Egg antigen ovalbumin (OVA) is a model food allergen commonly used to induce food allergic reactions in mice. To monitor the localization of the food allergen OVA and the model imaging protein 10 kDa lysine fixable dextran conjugated with rhodamine (Rh-Dex) in the SI, we intraluminally coadministered Alexa Fluor 647-labelled OVA and Rh-Dex to naïve wild type BALB/c mice. Similar to the clinically relevant food allergens, OVA and the imaging protein Rh-Dex localized to MUC2⁺ transepithelial columns (Fig 1C). The colocalization of Rh-Dex and OVA within MUC2⁺ intestinal epithelial cells in the SI both indicates shared SI epithelial uptake processes between clinically relevant food allergens, model food antigens, and model imaging proteins.

Food Allergen translocation across SI epithelium is enhanced in food allergic mice.

We next examined food allergen passage in the SI of food allergic mice.
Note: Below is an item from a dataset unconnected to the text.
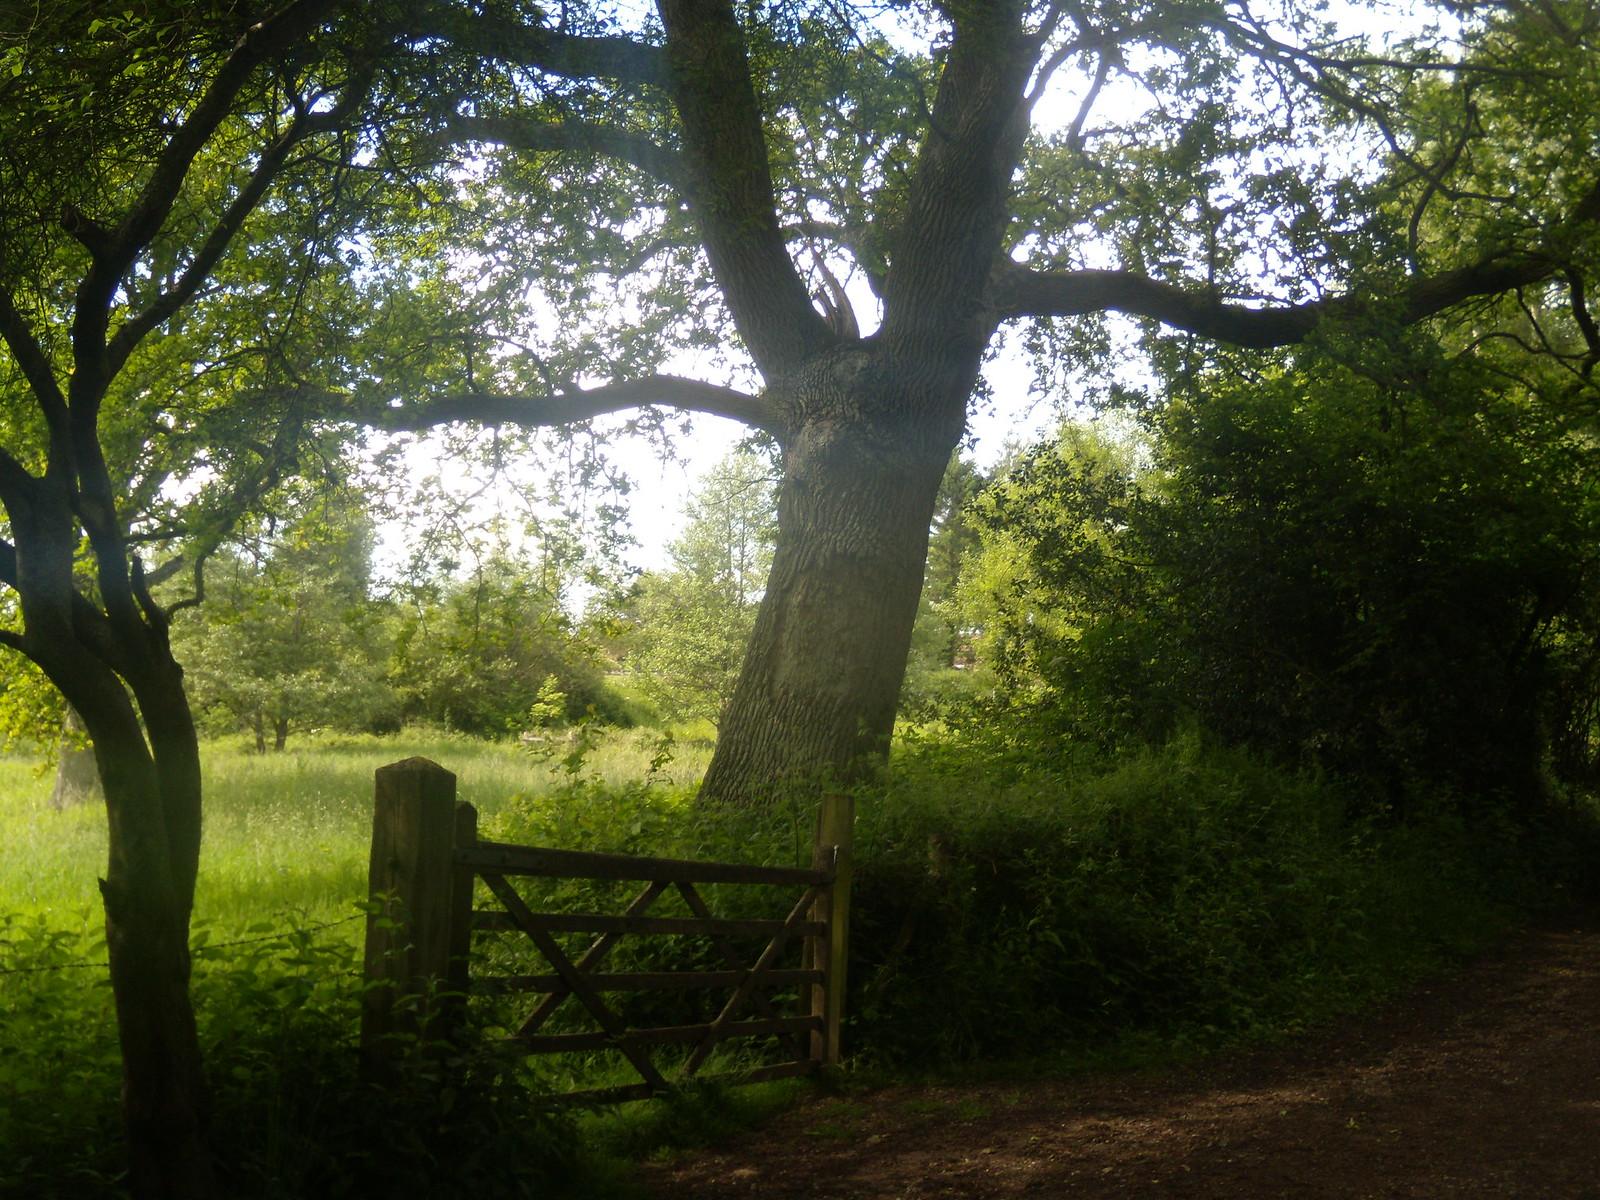 Gate and tree Ashurst Circular

To do this, we utilized a murine model of food allergy ²⁰ that we developed that involves repeated intra-gastric administration of egg antigen (OVA) to OVA-sensitized BALB/c mice that induces an acute IgE-MC–dependent anaphylactic reaction ^20–22 (Fig 1D) as evidenced by a hypothermic response within 30 minutes of antigen exposure (Supplementary Figure S1A). In order to visualize the spatial and temporal elements of food allergen uptake in the SI of food allergic mice, we utilized intravital live imaging with 2P microscopy (Supplementary Video 1–3). In naïve mice, the imaging antigen (Rh-Dex) was restricted to the luminal space. We observed the occasional transpeithelial column formation and SI epithelial antigen uptake (indicated by colocalization of Rh-Dex and DAPI). Furthermore, the lamina propria region beneath DAPI positive SI epithelium remained free of Rh-Dex (Supplementary Video 1). Similarly, examination of the SI of food allergic mice prior to the allergen exposure revealed infrequent SI transepithelial columns and the lamina propria was mostly free of Rh-Dex (Supplementary Video 2). Exposure of the SI of food allergic mice to food allergen rapidly enhanced antigen uptake within minutes (Supplementary Video 3). Furthermore, we observed accumulation of Rh-Dex within the lamina propria following SI exposure to food allergen indicating translocation of food allergens across the intestinal epithelium (Supplementary Video 3). Immunofluorescence analyses of the SI of food allergic BALB/c WT mice following food challenge (Day 28, Fig 1D) revealed localization of OVA antigen to villus transepithelial columns (Fig. 1F). Similarly to naïve wild type mice, fluorescently-labelled OVA and Rh-Dex colocalized to MUC2⁺ GCs in the food allergic mouse SI (Fig 1C and F). Consistent with the live imaging analyses, quantification of the number of GAPs revealed a significantly greater number of antigen passages in the SI of food allergic mice than that observed in naïve WT BALB/c at steady state and following CCh stimulation (Fig 1G). These studies suggest increased luminal antigen uptake in the SI under the allergic condition.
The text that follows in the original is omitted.